Maxim's He, who has long rated Sina a "sell," upped her rating in the shares to "hold" on Friday, citing the potential for revenue growth at the company's social media platform most frequently identified as China's version of Twitter.
Yet not all is go-go growth at Sina, says He. Weibo is certainly popular but traffic has begun to mature, a fancy way of saying it's not growing. It's hit a plateau. He referred to Weibo's current predicament as suffering from "stale" traffic growth.
"Traffic is one of the risks there," the New York-based analyst said over the phone. "If I have a 'hold,' there's got to be something I'm concerned about so at the end of the day, traffic is what I'm concerned about."
Sina was dropping 1.5% to $55.74 in afternoon trading.

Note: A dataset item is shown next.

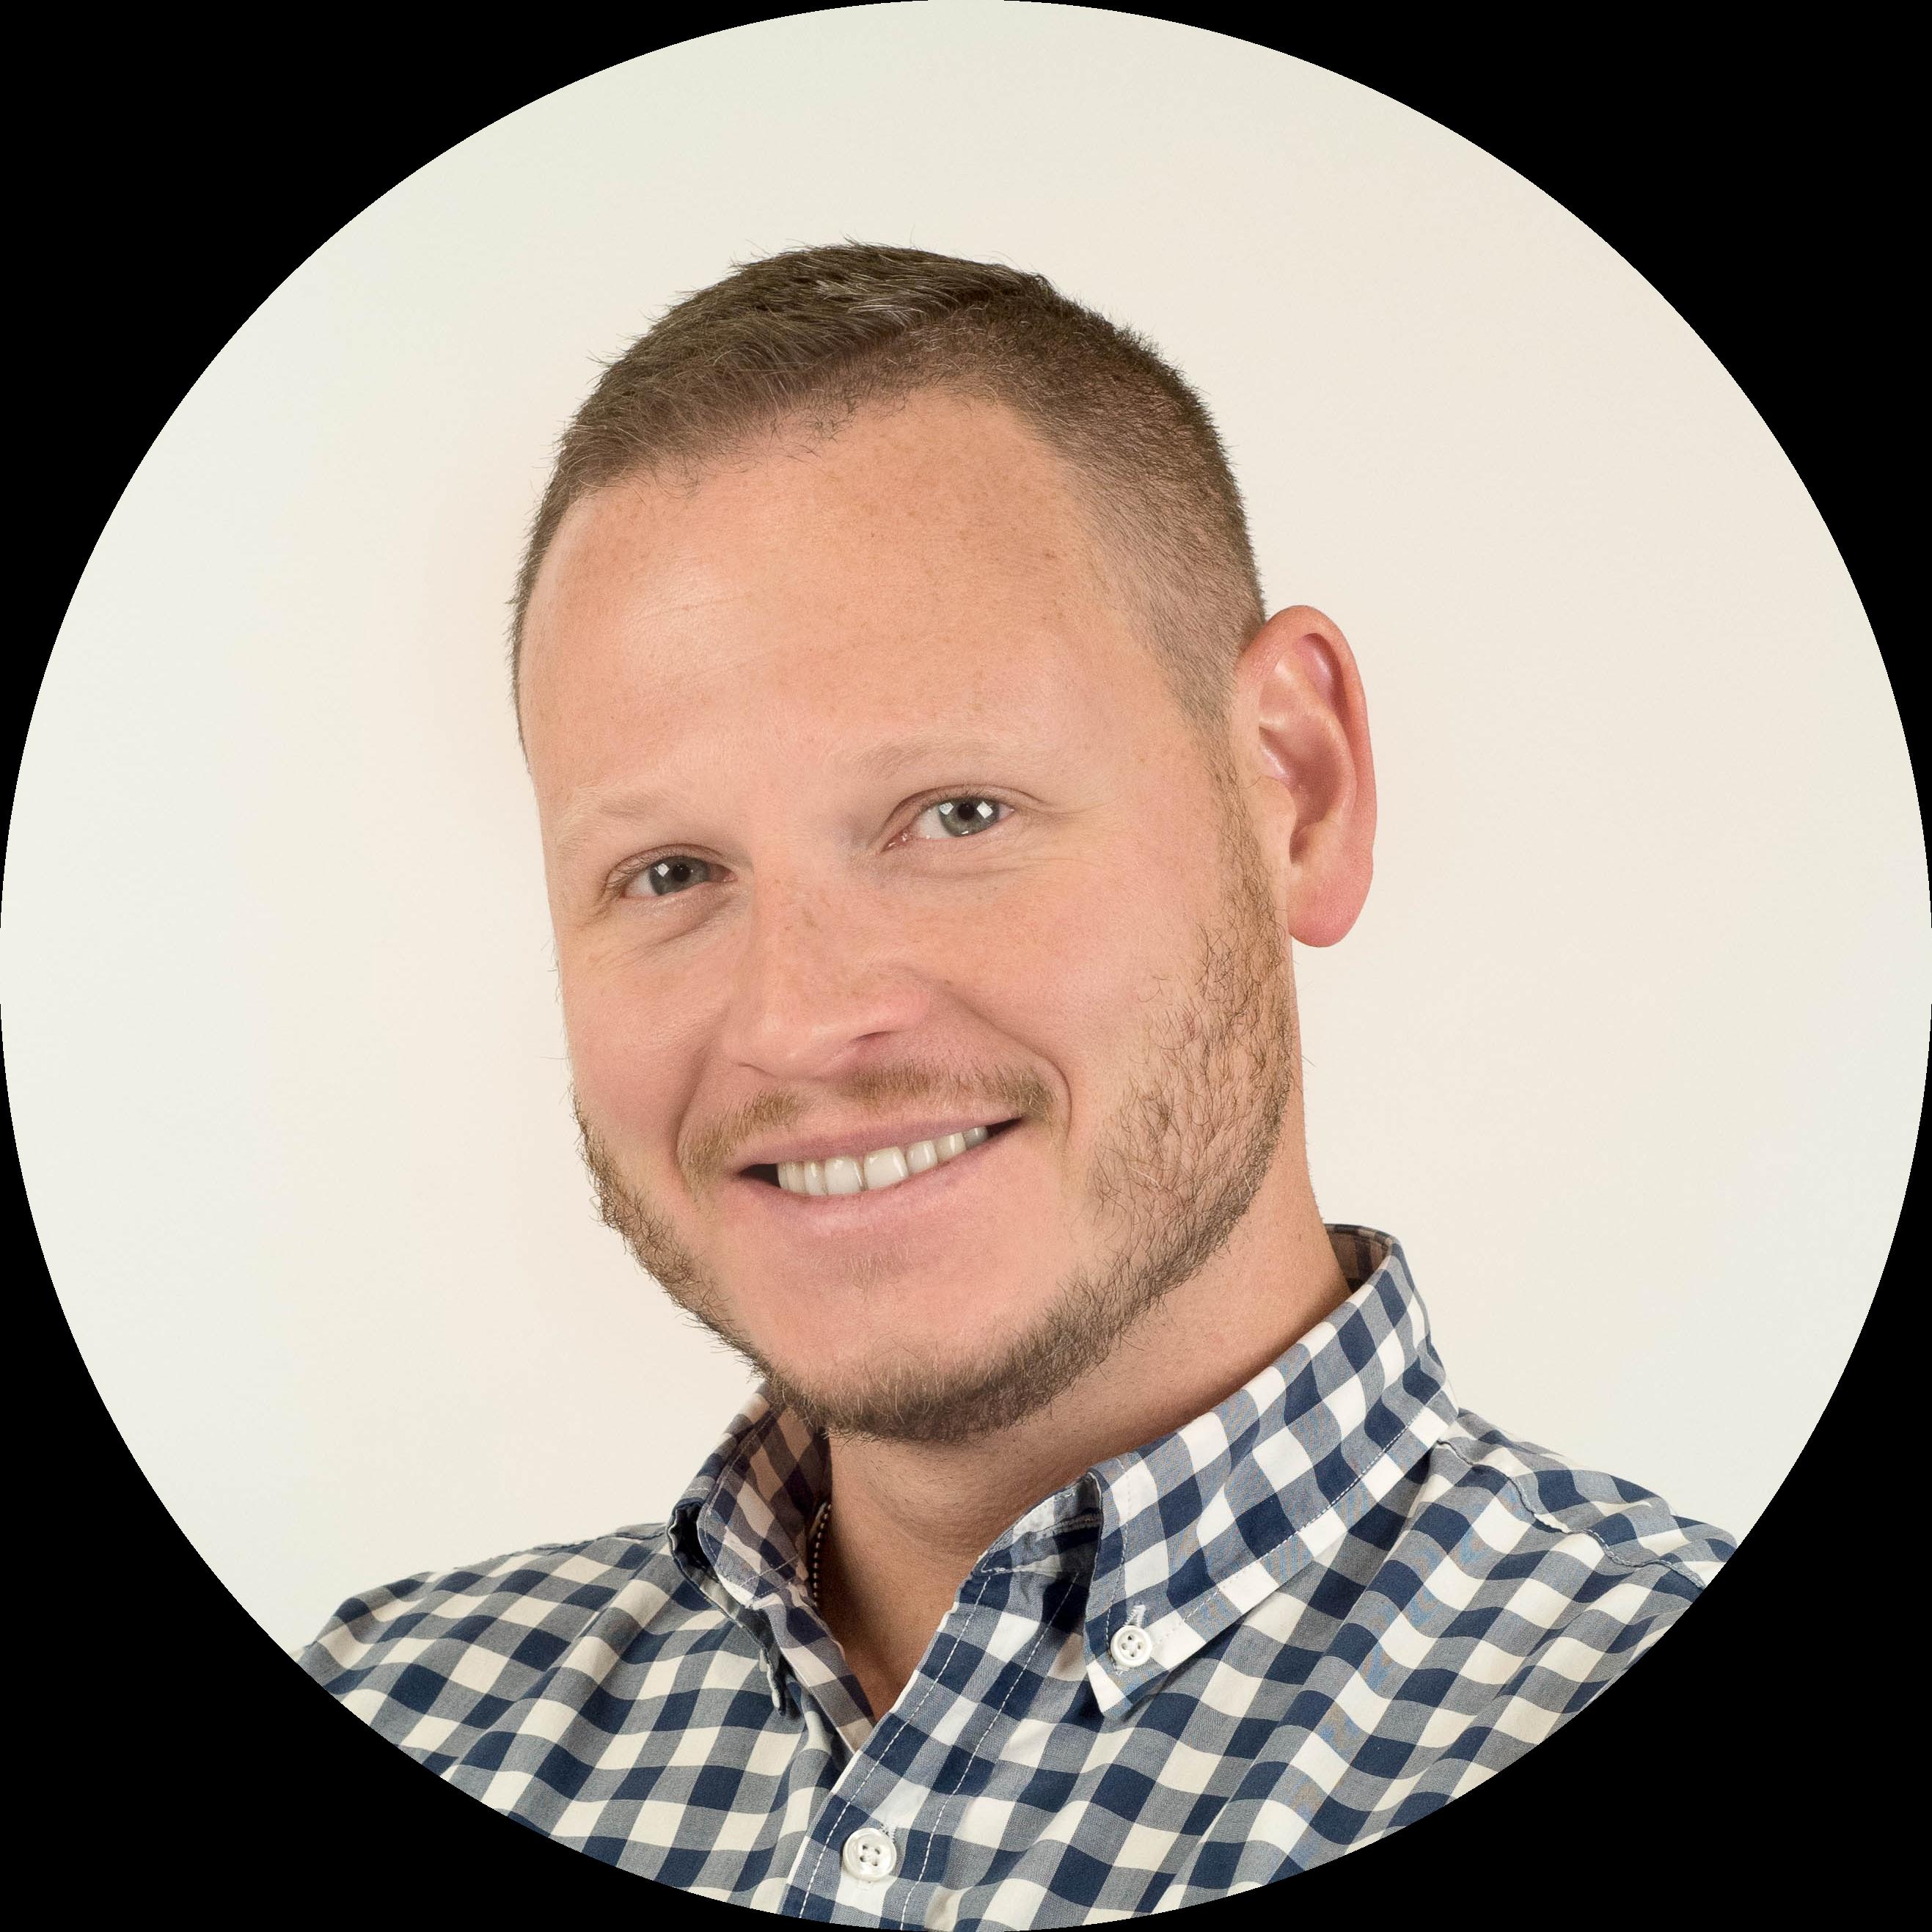 Ross Garrett | VP of Marketing at Cloud Elements
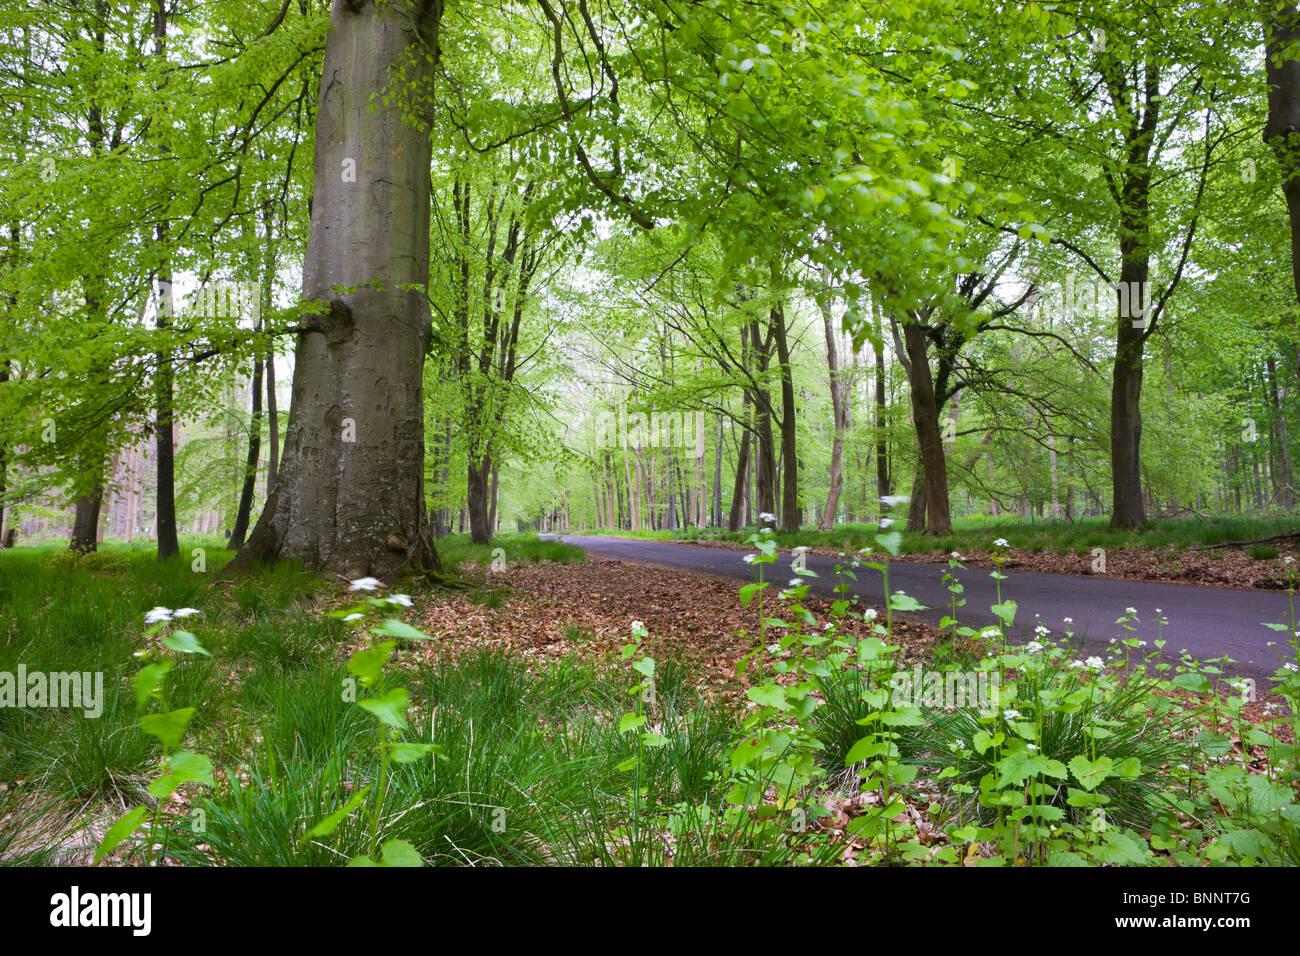 Verdant Spring foliage around the Grand Avenue of Savernake Forest, Marlborough, Wiltshire, England. Spring (May) - Stock Image

But He also pointed out that on the flipside, Weibo, launched in 2009, is still a relatively young business that has just started to really grow revenue. So as long as they can keep user activity going and find new and compelling products to add to the service, its revenue upside should remain promising.
"Its revenue side is far away from mature," said He.
The Maxim equity analyst explained that her optimism about Weibo's revenue growth was bolstered by the Alibaba deal struck in late April with Sina to invest $586 million for 18% of Weibo's equity. The companies predict that their collaboration could yield about $380 million in advertising and commercial revenue for Weibo over the next three years.
With Alibaba's involvement, He estimates that Weibo's ad revenue could grow by 91% to $261 million or 33% of revenue in 2014 and by 52% to $396 million or 40% total revenue in 2015 from a year ago. She's modeling $137 million in ad revenue generation from Weibo this year, with 10% to 15% of that attributable to the Alibaba collaboration.